A Comparison of Filter and Wrapper
Approaches with Data Mining Techniques for
Categorical Variables Selection

Bangsuk Jantawan; Cheng-Fa Tsai

A Comparison of Filter and Wrapper Approaches with Data Mining Techniques for Categorical Variables Selection

Bangsuk Jantawan^{1, 2}, Cheng-Fa Tsai²

Department of Tropical Agriculture and International Cooperation, National Pingtung University of Science and Technology, Pingtung, Taiwan
Department of Management Information Systems, National Pingtung University of Science and Technology Pingtung, Taiwan

Related article at Pubmed, Scholar Google

Visit for more related articles at International Journal of Innovative Research in Computer and Communication Engineering

Abstract

The purpose of this study is to evaluate the most important features of graduate employability in higher education database, in attempt to measure the employability situation for graduate information of the Maejo University in Thailand. The experiment also applies the features selection methods to increases the overall efficiency of classification model. There are two general attribute selection approaches: the Filter approach and the Wrapper approach. The Filter approach includes 3 methods, including Information Gain, Gain Ratio and Chi-square. The Wrapper approach we used Search method consisting of Genetic Search, Best First search and Greedy Stepwise as random search approach for subset generation, wrapped with different bayesian classifiers namely Naïve bayes, Bayes network with K2 algorithm, Bayes network with TAN algorithm and Bayes network with Hill-climber algorithm. The results illustrate, employing feature subset selection using proposed wrapper approach has enhanced classification accuracy.

Keywords

Attribute Selection, Data Mining, Filter Approach, Wrapper Approach

INTRODUCTION

Nowadays, amount of data has rapidly increased every year, especially in term of graduate employability historical database. It contains huge amounts of data in database. These data are also including currently unknown and potentially interesting patterns and relations, which can be uncovered using knowledge discovery and data mining techniques. Data mining techniques have enormous potential for analysing the hidden patterns in the data sets of the education domain. These patterns can be utilized for the decision making of administrator in higher education. Data preprocessing is an essential phase in the knowledge discovery process, once quality decisions must be based on quality data [1]. This process, when applied early to mining, can substantially improve the overall quality of the patterns mined and/or the time required for the actual mining [1].

The aim of data reduction is to search a minimum set of features such that the resulting likelihood distribution of the output (class) is as close as possible to the original distribution obtained using all features. Mining on the reduced set of features has increasing benefits. It reduces the number of features appearing in the discovered patterns, in order to help and make the patterns easier to understand. Then, it enhances the classification preciseness and learning runtime. Section 2 explains the related work on feature selection method, filter approach, and wrapper approach. Methodology and method are described in section 3 followed by results and conclusion in section 4 and 5 respectively.

RELATED WORK

Feature selection is the processes that choose a subset of relevant features for building the model. Feature selection is one of the most important and frequently used techniques in data preprocessing for data mining [1]. It is also useful in term of the data analysis process, as it shows which the input variables or features are important for predicting, and how those features are related. The goal of feature selection for classification task is to maximize classification accuracy [2]. It is easier to choose features for classification than for clustering, once the classification uses class label information. Although, domain experts can eliminate few of the irrelevant attributes, choosing the best subset of features usually requires a systematic approach [1].

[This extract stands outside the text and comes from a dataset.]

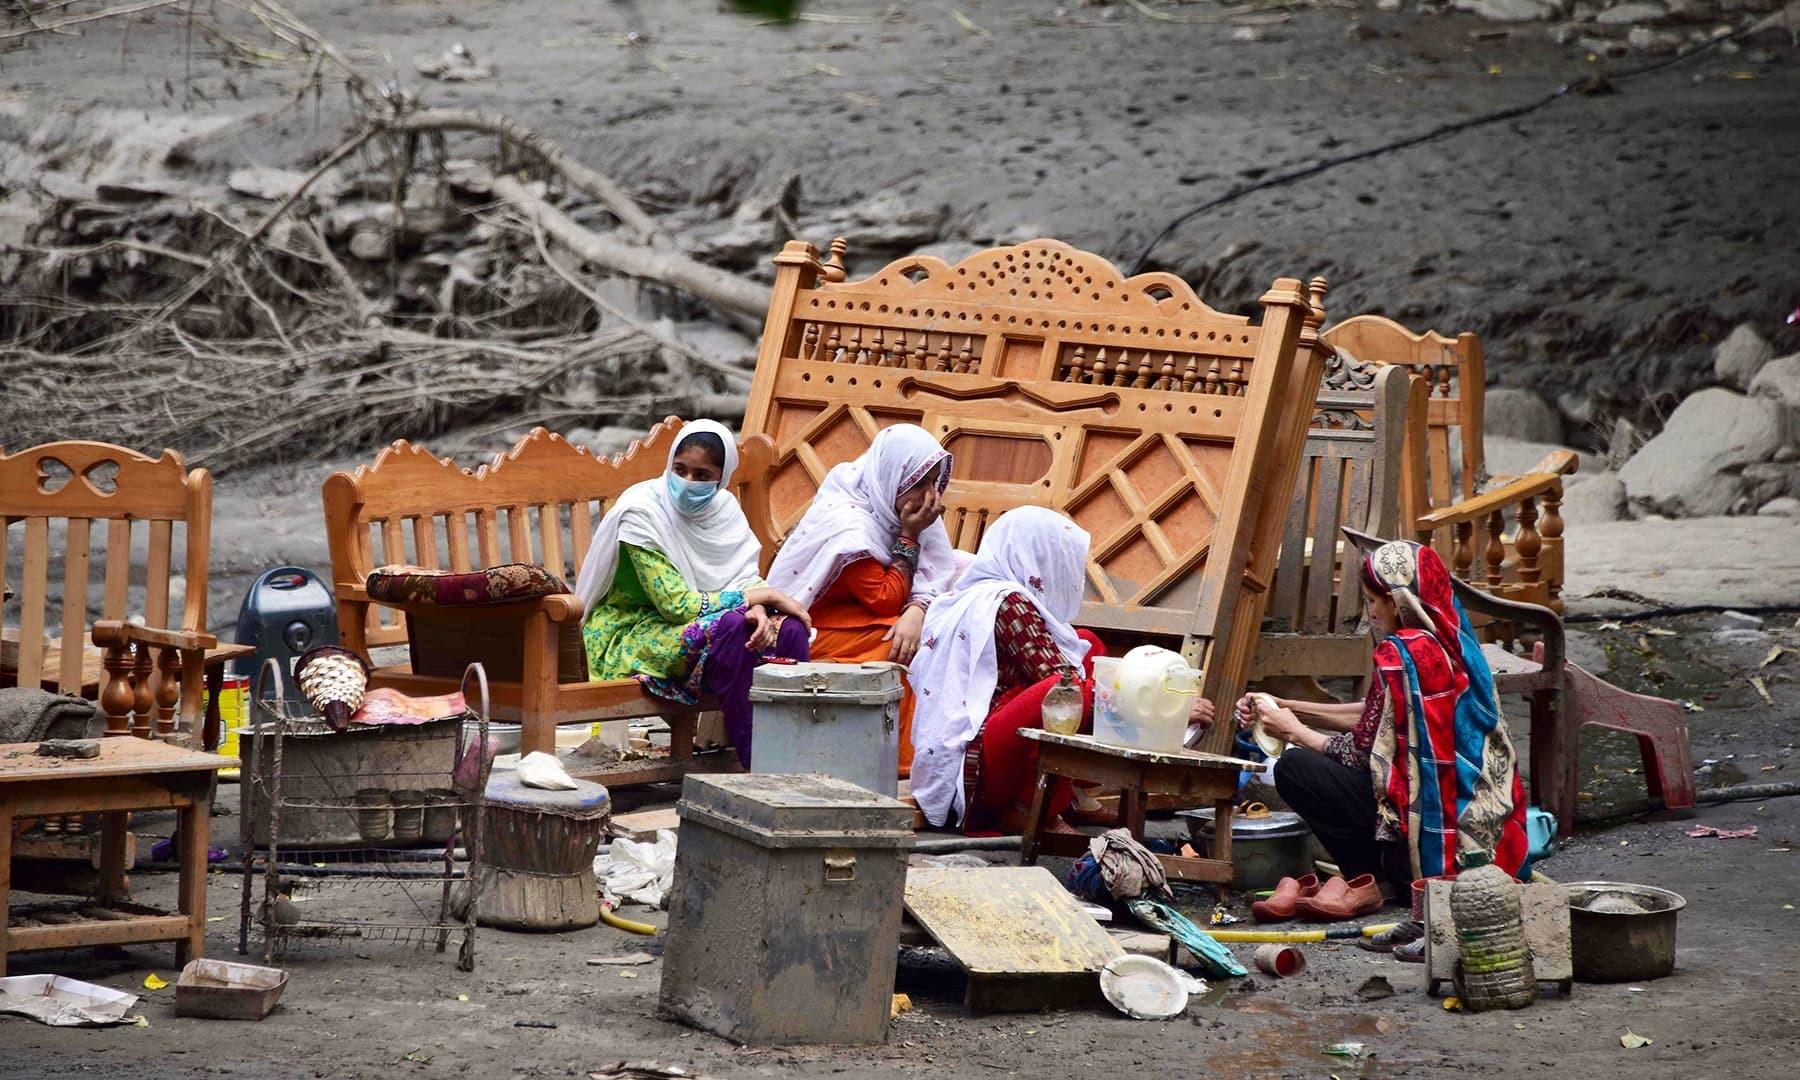 آزاد کشمیر میں نیلم کے قریب بارش کے بعد آنے والے سیلاب کے بعد گھر تباہ ہونے کے نتیجے میں ایک خاندان بے یارومددگار سڑک پر بیٹھا ہوا ہے— فوٹو: رائٹرز

Feature selection can be divided in filter methods and wrapper methods. Filter methods is defined as using some actual property of the data in order to select feature using the classification algorithm. Entropy measure has been used as filter method for feature selection for classification [3]. Wrapper approaches apply classification algorithm to each candidate feature subset and then evaluate the feature subset by threshold functions that utilize the classification result. Moreover, wrapper method can combine a classification technique with a Bayesian inference mechanism for automatically selecting relevant features. Feature selection methods provide three main benefits when building predictive models as following: (1) the model improving is obviously interpretation; (2) they can make shorter training times; and (3) enhanced generalization by reducing over fitting.

A. Filter Method

The filter method precedes the actual classification process. The filter approach is input variables of the learning induction algorithm, computationally simple and rapidly scalable. Using filter method, feature selection is done once later can be provided as input to different classifiers [1]. Various feature selection techniques and feature ranking have been offered such as Correlation-based Feature Selection (CFS), Gain Ratio (GR), Chi-Squared, and Information gain etc.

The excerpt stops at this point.